Retraction for Symmetric Matrix Perturbation for Differentially-Private Principal Component Analysis, ICASSP 2016

This is somewhat difficult to write, so I’ll cut to the chase. The proposed differentially private PCA method from the ICASSP 2016 paper by my student Hafiz Imtiaz and myself is incorrect and so should be retracted:

H. Imtiaz, A.D. Sarwate, Symmetric Matrix Perturbation for Differentially-Private Principal Component Analysis, Proceedings of the 2016 International Conference on Acoustics, Speech and Signal Processing (ICASSP), pp. 2339–2343, March 2016.

As a side-result, the paper of Jiang et al. from AAAI 2016 has as similar incorrect result. I’d like to thank my collaborator Kamalika Chaudhuri, who brought this up to me after a conversation with Kunal Talwar. The fact that I have taken so long to make this public announcement was due to a misguided effort to adapt the algorithm and run new experiments. Unfortunately, this was not to be.
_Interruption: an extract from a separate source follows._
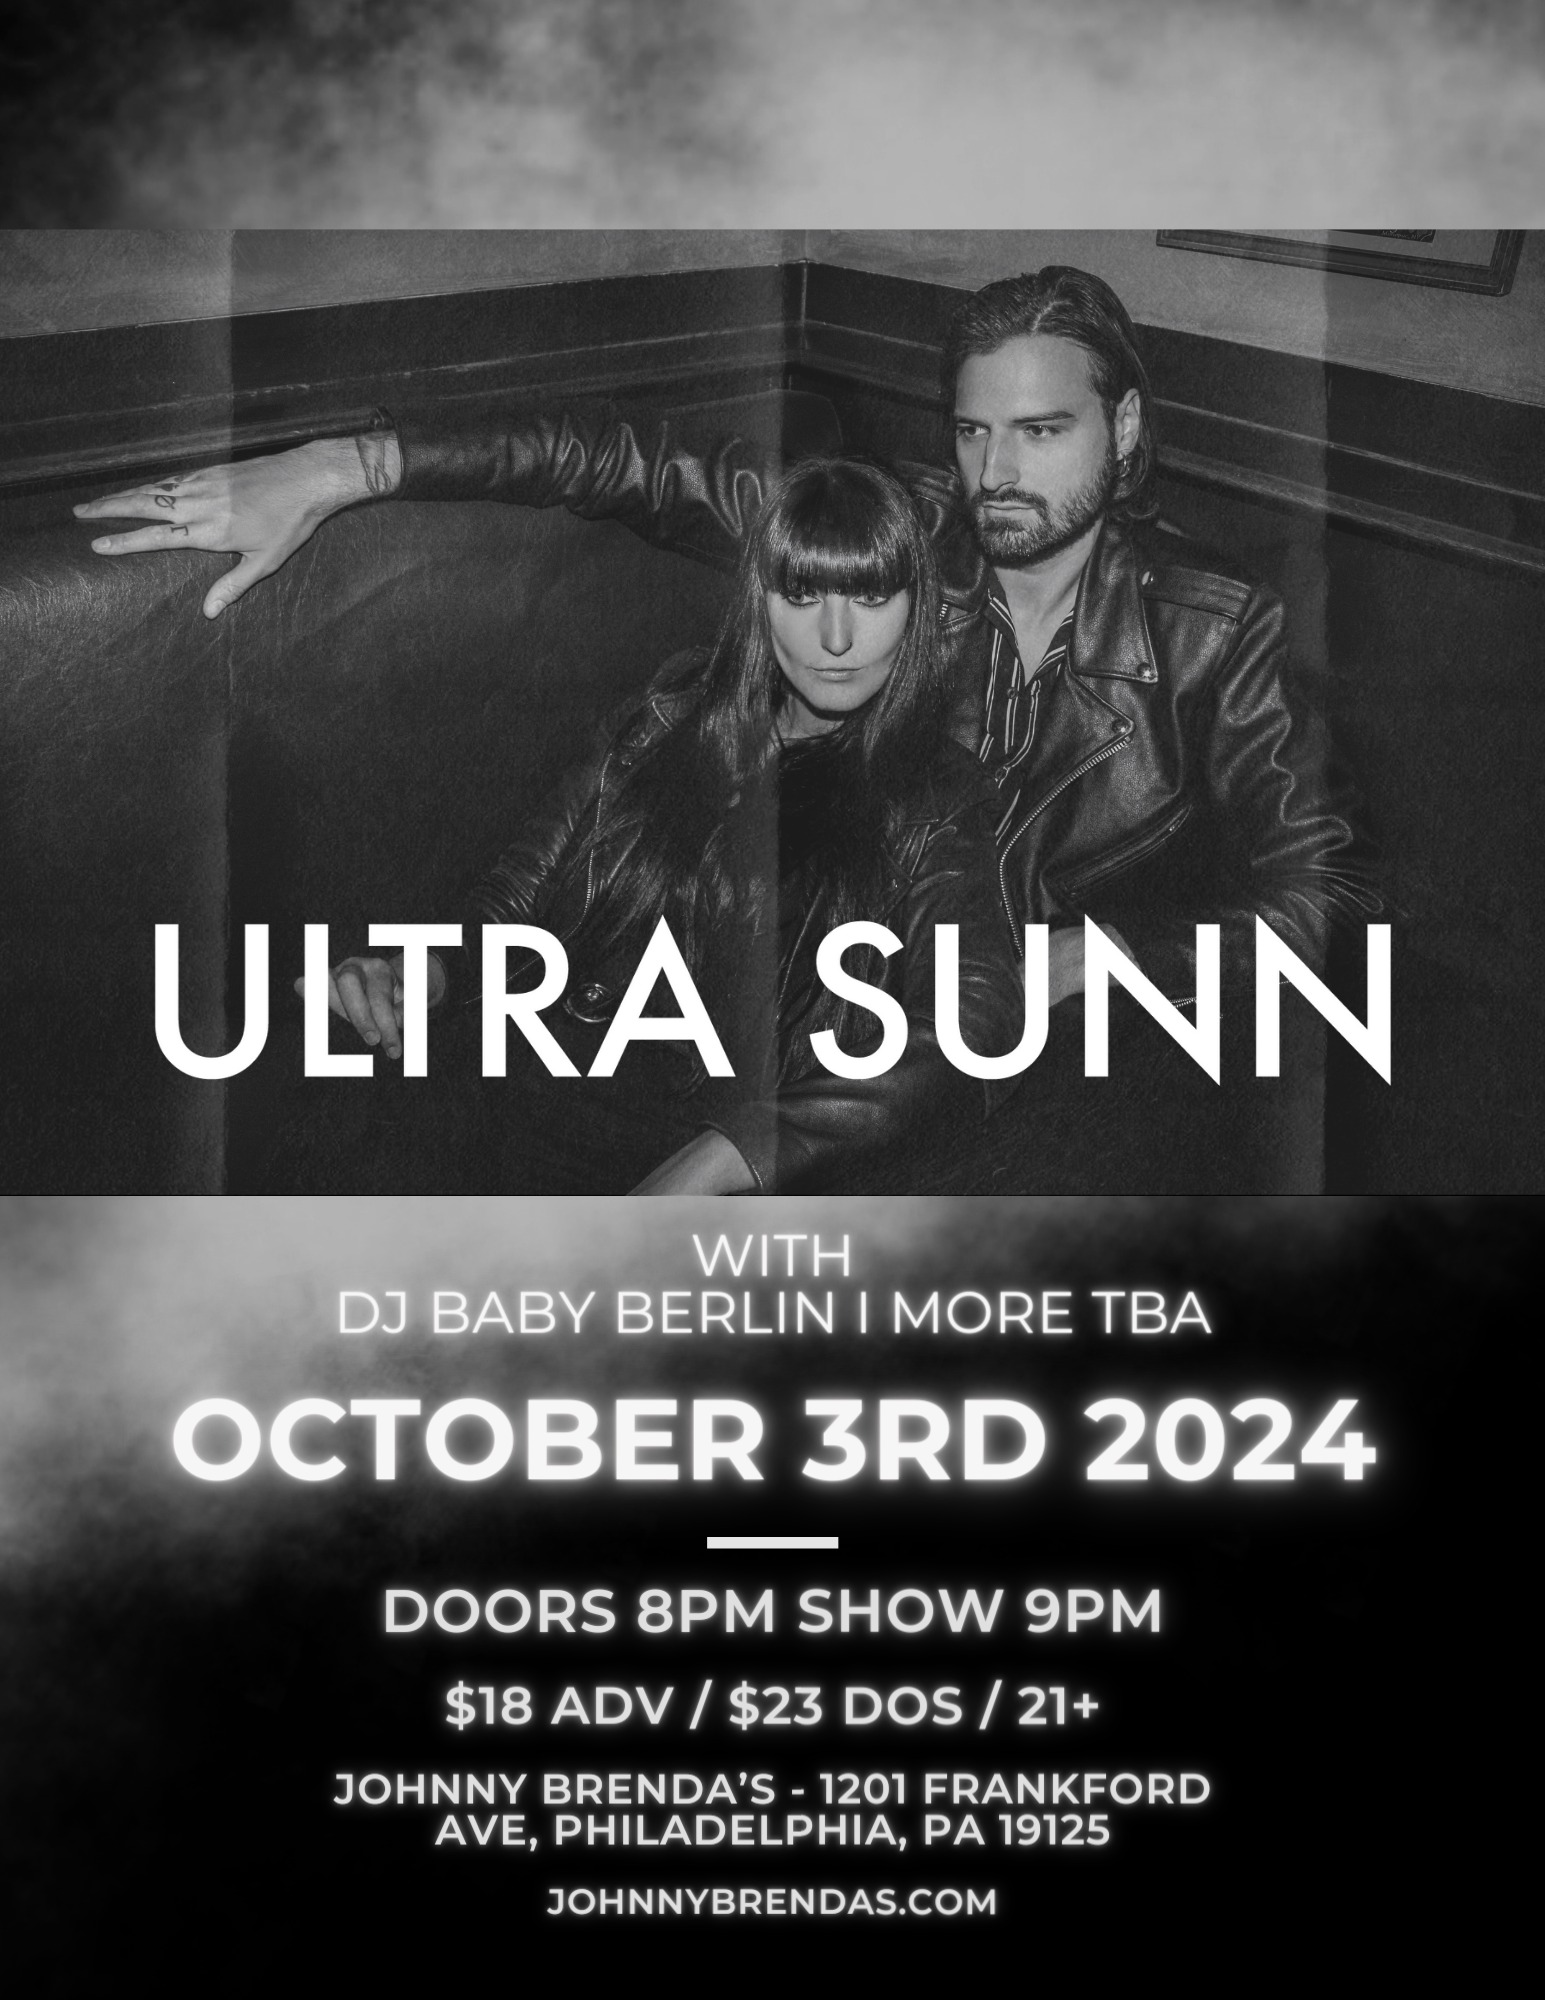 Ultra Sunn, Night Sins, Voix In The Dark, & DJ Baby Berlin

What is the algorithm? Well, the basic idea in all of these papers is to add Wishart noise to produce a noisy estimate of the second-moment matrix of a data set. We start with some data vectors \mathbf{x}_1, \mathbf{x}_2, \ldots, \mathbf{x}_n \in \mathbb{R}^d and compute the second moment matrix A = \sum_{i} \mathbf{x}_i \mathbf{x}_i^{\top}. If we want to compute the SVD in a differentially private way, one approach is to add noise E to the second moment matrix to form \hat{A} = A + E such that \hat{A} is a differentially private version of A. Then by postprocessing invariance, the SVD of \hat{A} is also differentially private.
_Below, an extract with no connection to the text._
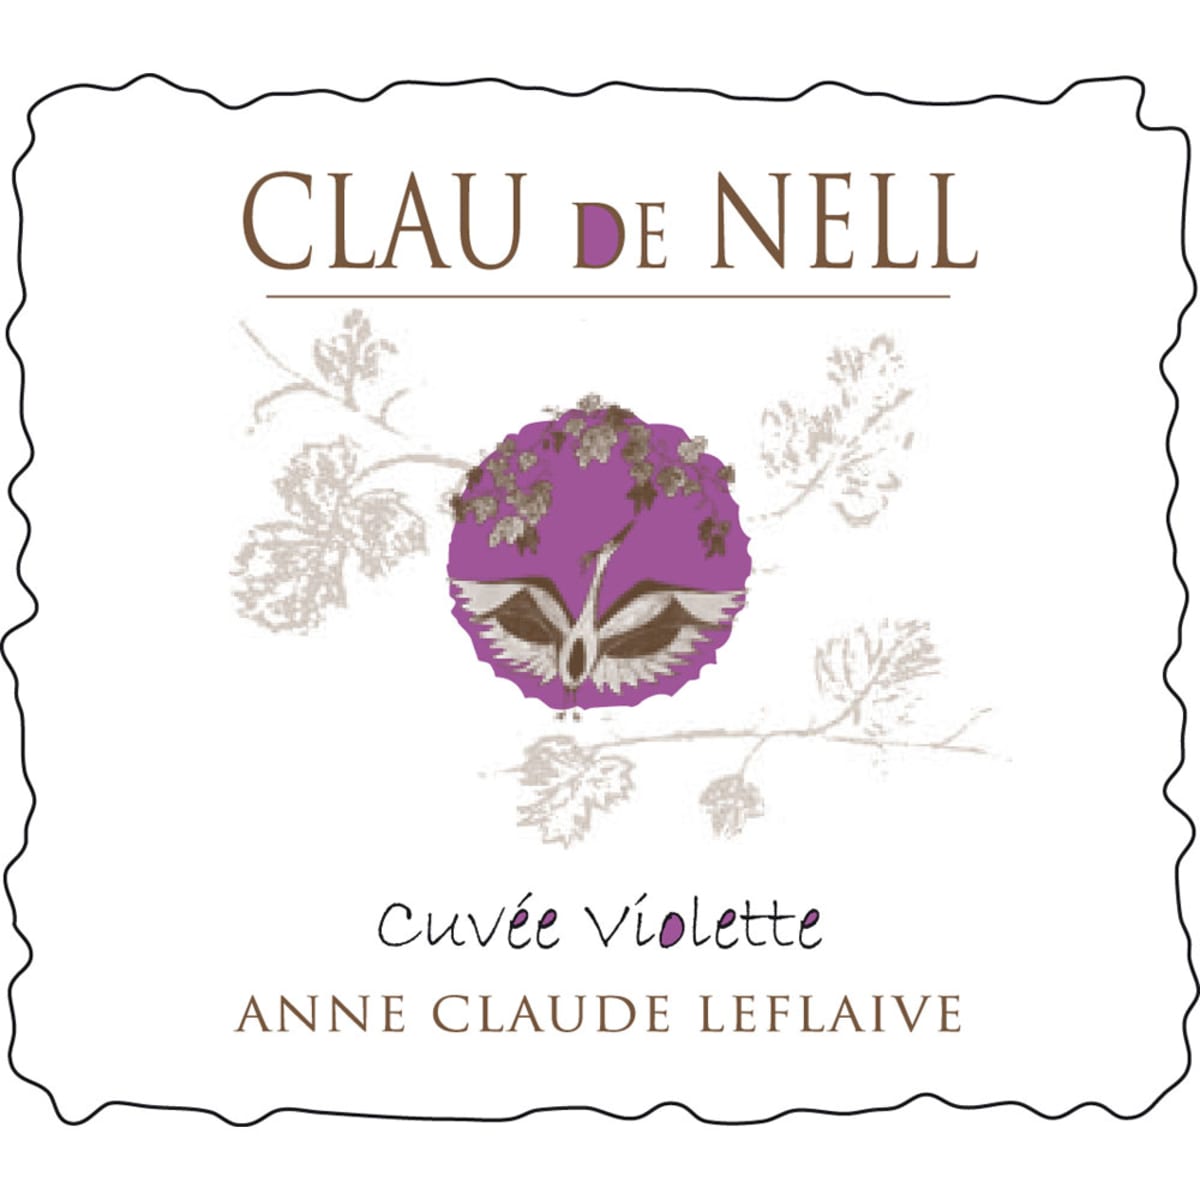 Clau de Nell Cuvee Violette 2012 Front Label

The motivation for our work was twofold: 1) we wanted to see how theoretically “optimal” algorithms performed on real data sets, especially for suggested settings of the parameters, and 2) we wanted to propose a good (\epsilon,0)-differentially private algorithm? What is wrong with \delta > 0? In some application domains, I have found that the notion of a “failure probability” is not compatible with practitioners’t (often lawyer-driven) policy requirements. Concentrated DP and newer concepts still keep the \delta > 0, so they might not fly either. Plus, it’s a slightly more challenging and interesting mathematical problem.

A very good (\epsilon,\delta) choice for E is to choose the entries to be i.i.d. Gaussian on the diagonal and above and copy entries below the diagonal such that E is symmetric. This is the Analyze Gauss (AG) algorithm of Dwork et al. Although \hat{A} is symmetric, it’s no longer positive semidefinite (PSD). However, this gives order-optimal guarantees on utility. Taking that as a cue, we wanted to preserve the PSD property in \hat{A}, so we proposed adding noise with a Wishart distribution, which corresponds to generating an i.i.d. rectangular d \times p Gaussian matrix $\latex Z$ and settting E = Z Z^{\top}. This generates a PSD perturbation fo \hat{A} and has pretty good utility guarantees as well.

Unfortunately, the Wishart perturbation is blatantly non-private because the image under the perturbation is a PSD cone starting from A, and for A and A' coming from neighboring databases, the cones are not the same. As a trivial example, suppose A = \mathbf{x} \mathbf{x}^{\top} and A' = \mathbf{0}. Hafiz has written up a more formal description. Because differential privacy requires the support of the output distribution under different inputs to coincide, it is difficult to create a (data-independent) additive perturbation that preserves the PSD property. The exponential mechanism works, but is not additive.

In the end, I was rather excited about the empirical performance (c.f. goal 1) above) and we were close to the deadline so I did not do a proper job checking the technical results in our rush to submit. I’m making this a teachable moment for myself but wanted to make sure there was a public, findable version of this retraction so that people don’t continue to build on our results. What we learned from 1) is that designing practical PCA methods for reasonable values of (\epsilon,\delta) is still challenging — many data sets do not have the sample sizes needed to make differential privacy practical. The solution may be to design more complex multi-stage pipeline, revisit what we can assume about the data space and neighborhood relations, or come up with better (\epsilon,0) algorithms that pass muster for the applications when nonzero \delta is unacceptable.

Advertisements

DIMACS Workshop on Distributed Optimization, Information Processing, and Learning

My colleague Waheed Bajwa, Alejandro Ribeiro, and Alekh Agarwal are organizing a Workshop on Distributed Optimization, Information Processing, and Learning from August 21 to August 23, 2017 at Rutgers DIMACS. The purpose of this workshop is to bring together researchers from the fields of machine learning, signal processing, and optimization for cross-pollination of ideas related to the problems of distributed optimization, information processing, and learning. All in all, we are expecting to have 20 to 26 invited talks from leading researchers working in these areas as well as around 20 contributed posters in the workshop.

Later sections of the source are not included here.